4D Test Security: Informed and Respectful
Test security requires not only vigilance on our part but also knowledge of religious/spiritual clothing and medical/disability related devices that may be new to us. These areas can present some questions from a test security standpoint. Presenters will provide an overview of clothing and selected practices related to Orthodox Jewish and Muslim spiritual tradition as well as an overview of selected medical, disability, and assistive technology-related devices (hardware and software) that NCTA mailing list members have named as concerns. Our ETS colleague will provide thoughts related to testing security within the context of an informed respect for tradition and needs. Participants will have time to pose questions, identify concerns, and share relevant experiences.
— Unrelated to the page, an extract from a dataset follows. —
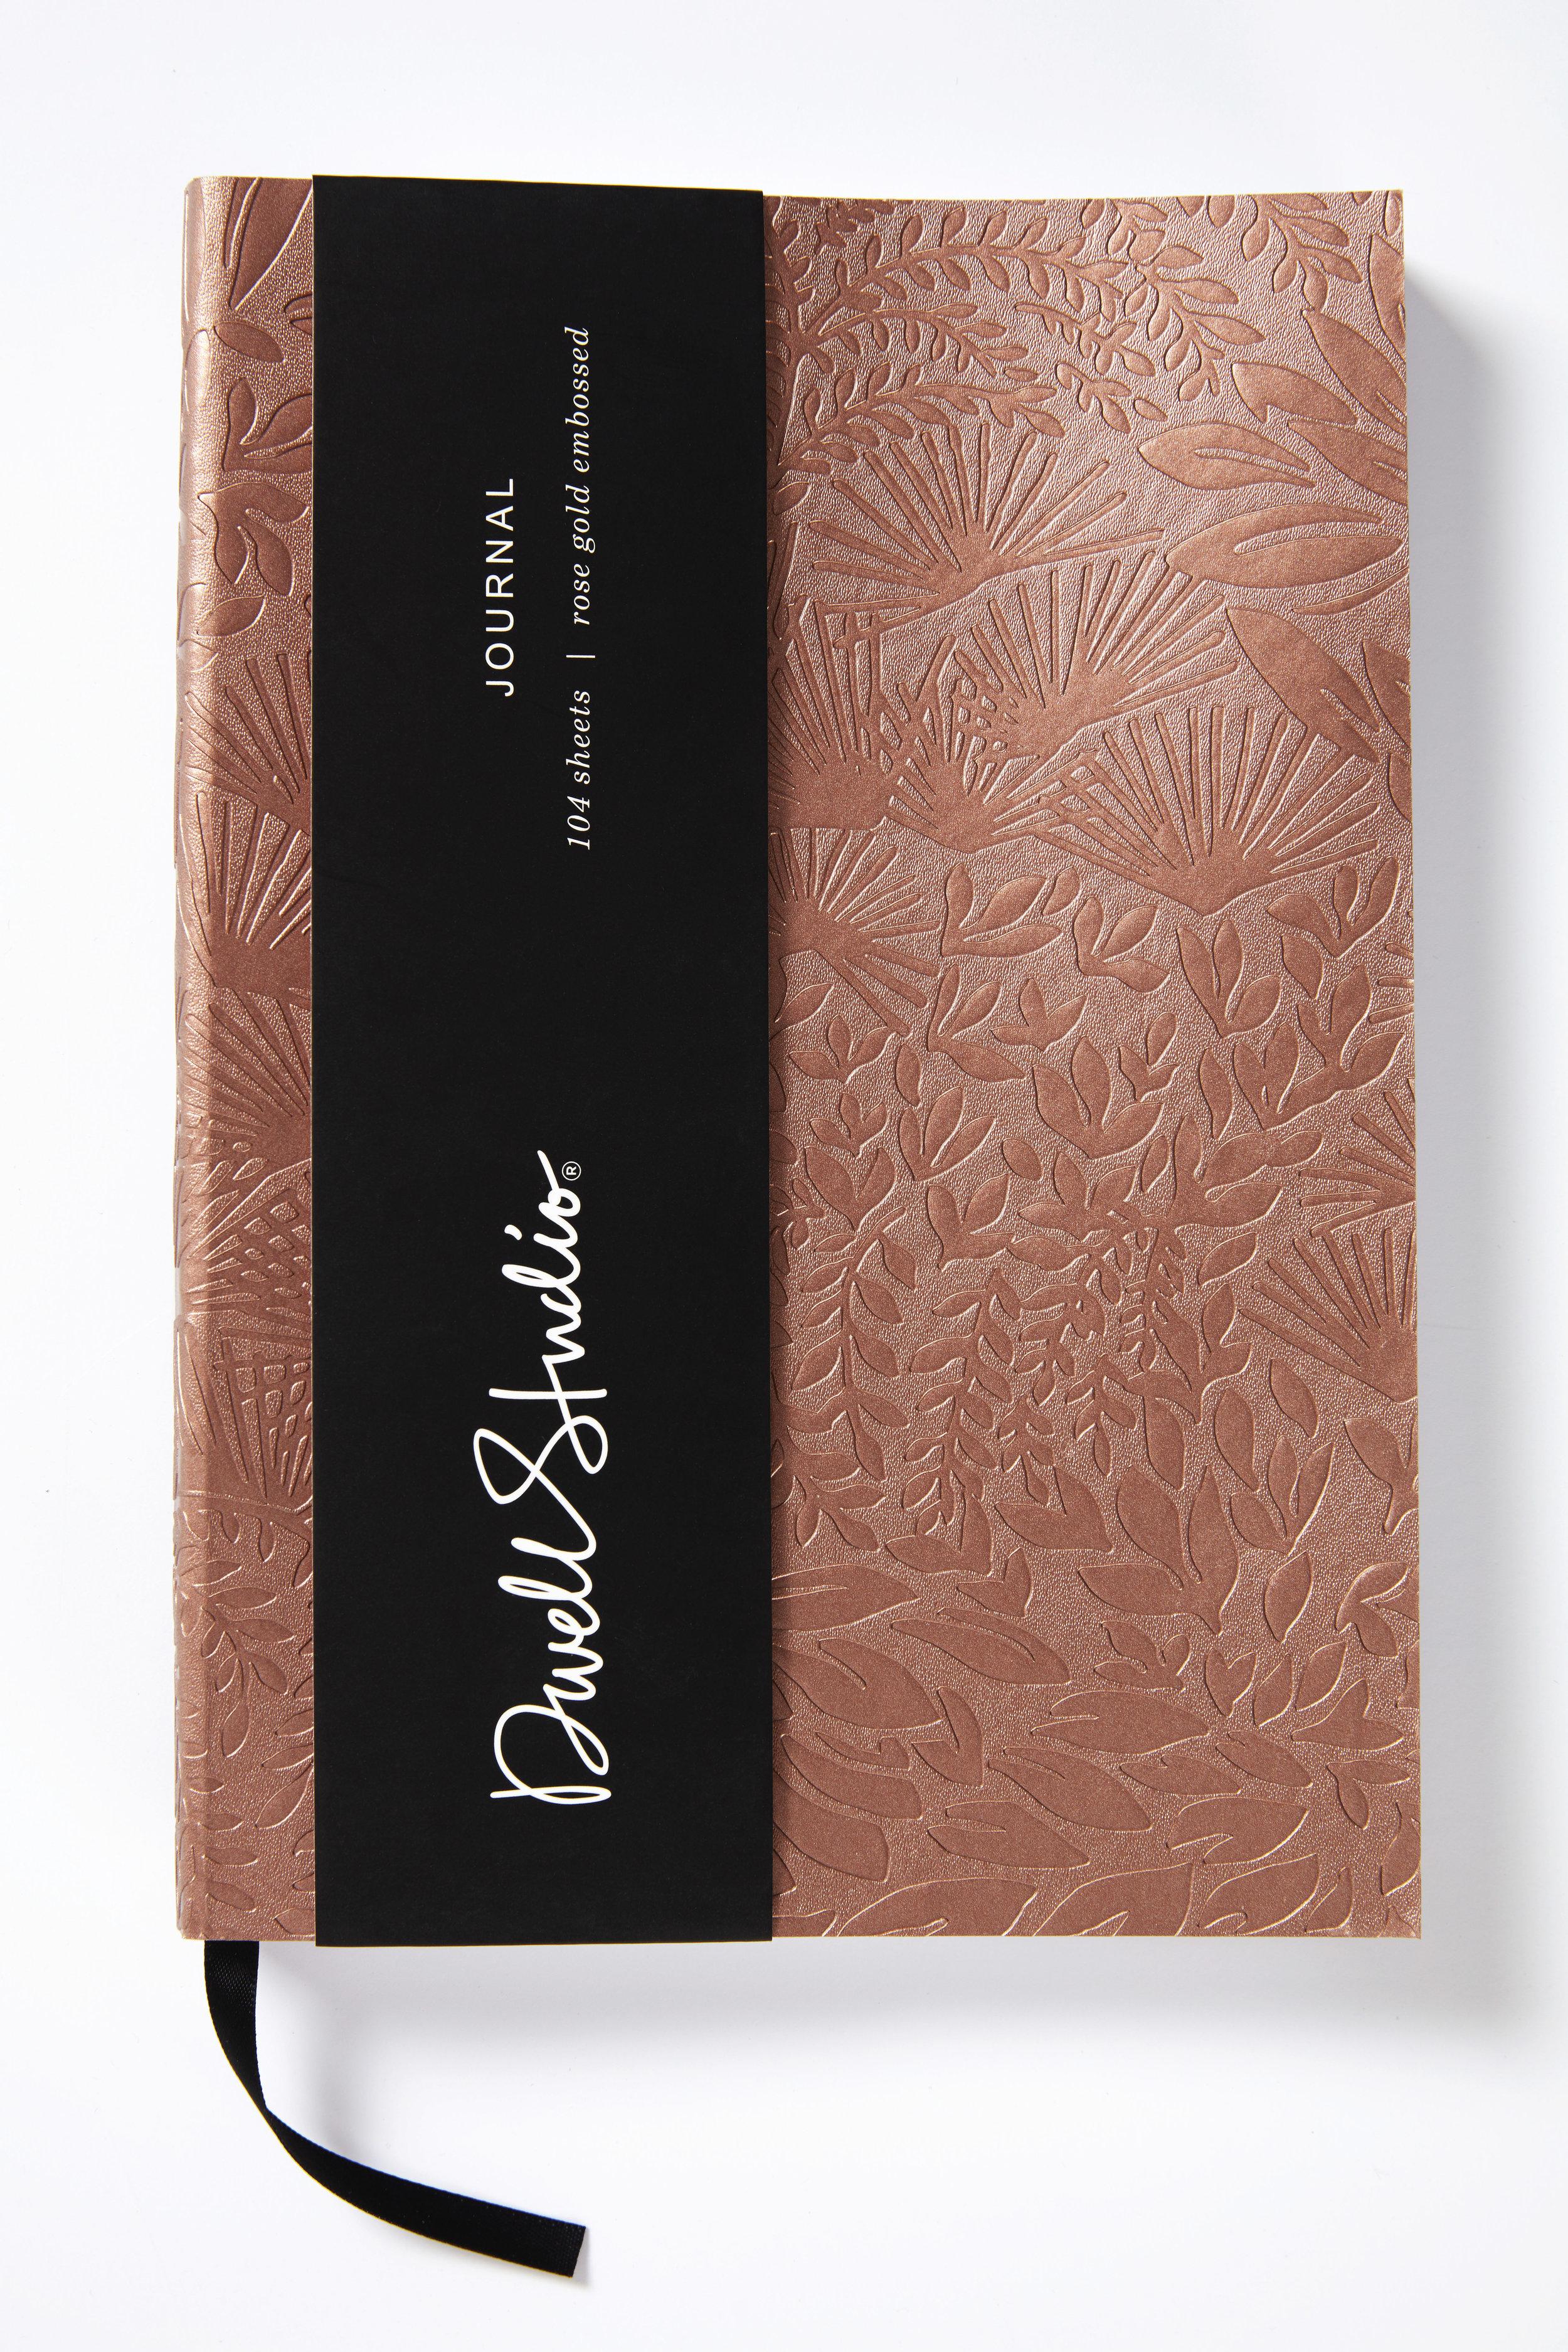 DS leatherette journal rose gold embossed.jpg
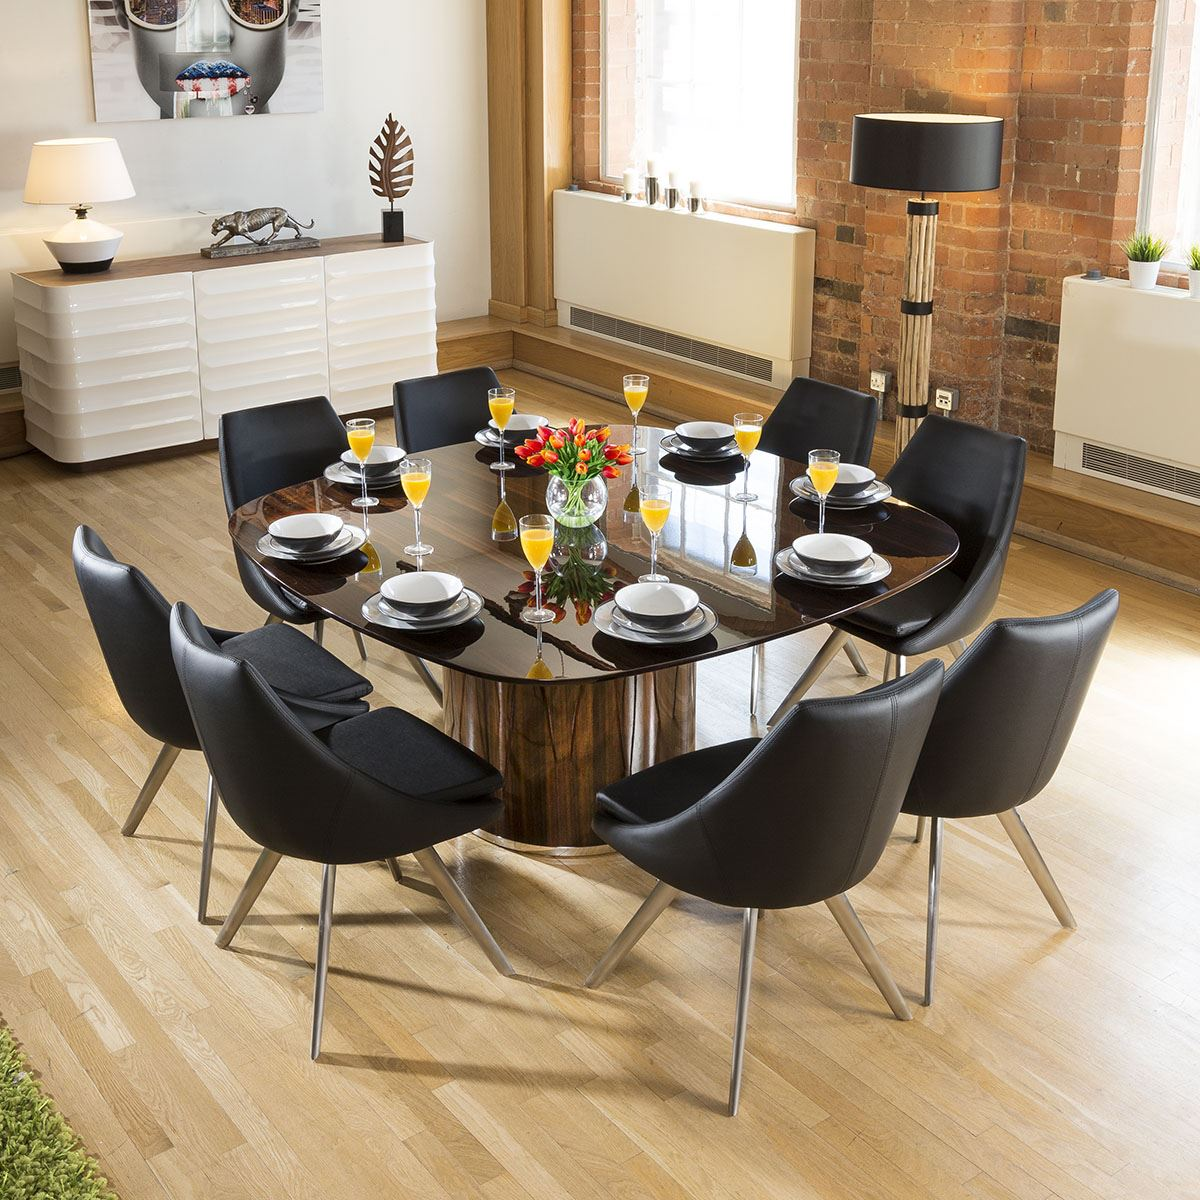 Large Luxury Square Eucalyptus Dining Table 8 Black Modern Chairs Ebay

4E ACT and COMPASS: Keeping the Beat
For all the latest ACT news, this session is the one to attend. You'll be able to get an update on recent ACT research regarding dual credit, retesting, and high school GPA and career planning. In addition, an overview of the new COMPASS platform will be presented, and available information regarding next-gen COMPASS will also be discussed. Time will be allocated to allow for participants' questions.
Session 5
5A The Technology of Cheating
It’s hard keeping up with the Joneses…if the Joneses are cheaters! Indeed, technology has served to make our lives easier, but if you are a testing professional, technology may have made your job just a little bit harder. This interactive session will go through various technologies cheaters employ to bypass test security procedures and remove test content from the testing area. Each of the devices discussed will be present for attendees to inspect as well as dissect how they can be used by test takers.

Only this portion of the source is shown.